In such cases as Abilene Independent Telephone & Telegraph Co. v. Williams, 111 Tex. 102, 229 S.W. 847, it is held that a party who has been sued, and served with citation, may under some circumstances be bound by the judgment rendered even though there was some mistake in his name as set out in the pleadings, citation and judgment. Reference is made to the case cited, and to Wichita Coca Cola Bottling Co. v. Levine, Tex.Civ.App., 68 S.W.2d 310, writ refused, and to Arcola Sugar Mills Co. v. Doherty, Tex.Civ.App., 254 S.W. 650, writ refused, for discussions of the rules in such cases.

But a different situation may be presented where a plaintiff sues one of two persons or corporations having similar names, and serves the wrong person, or where he is mistaken as to which of two persons or corporations is liable in the case, and sues the wrong one, whether the names are similar or not. See the opinion of Justice Speer, in West v. Johnson, Tex.Civ.App., 129 S.W.2d 811, for a clear discussion of the distinction between the two situations. In the first class of cases, there is a mistake in the name of the party intended to be sued, while in the second class of cases there is a mistake in the identity of the defendant. In the latter instance, if the wrong person is sued, the court does not thereby acquire jurisdiction of the person who should have been sued, in the absence of an answer or appearance, even if the pleadings are amended.

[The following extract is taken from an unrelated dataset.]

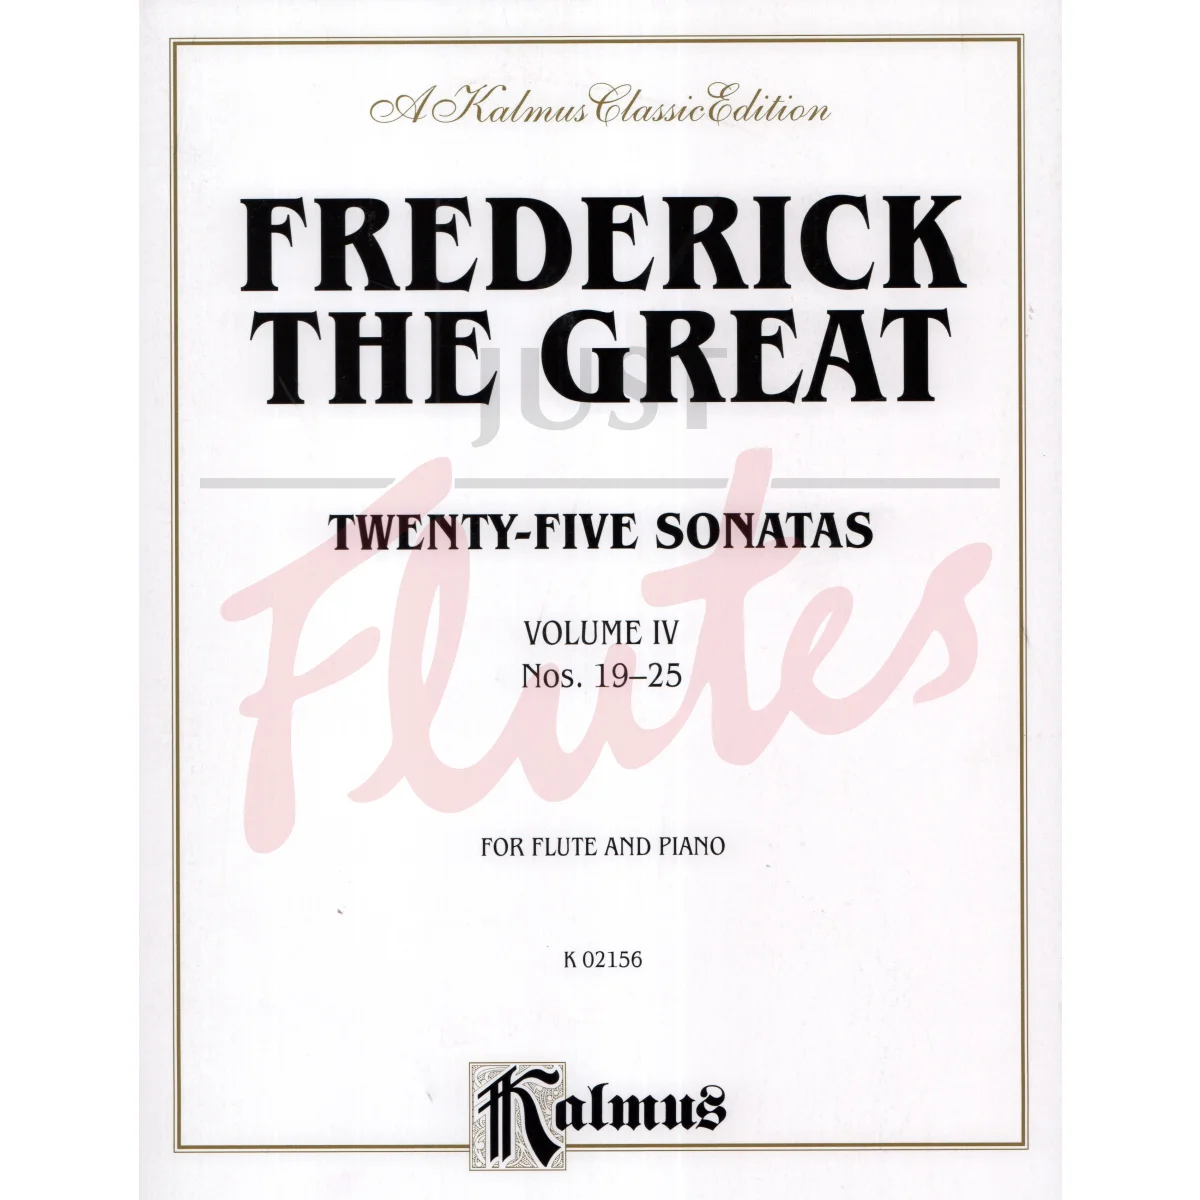 25 Sonatas for Flute and Piano, Volume 4 Nos. 19-25

The fact that the plaintiff and the truck company may have been confused by the similarity of names, or the fact that they may have been misinformed as to which of the two companies operated the railroad, would not alone bring the case within the rules of the Abilene Telephone case, supra. If there had been no company bearing the name of Wichita Falls & Southern Railway Company, we might have a case of misnomer of parties. But there was such a company. The proof shows that the two companies were associated to some extent, that they had the same man holding the office of president, that they used the same attorney, Mr. Humphrey, and that Mr. Sullivan, the general manager of the railroad company, was a director of the railway company. The line of track where the collision occurred was not owned by either of these companies, but by the Wichita Falls, Ranger & Fort Worth Railroad Company.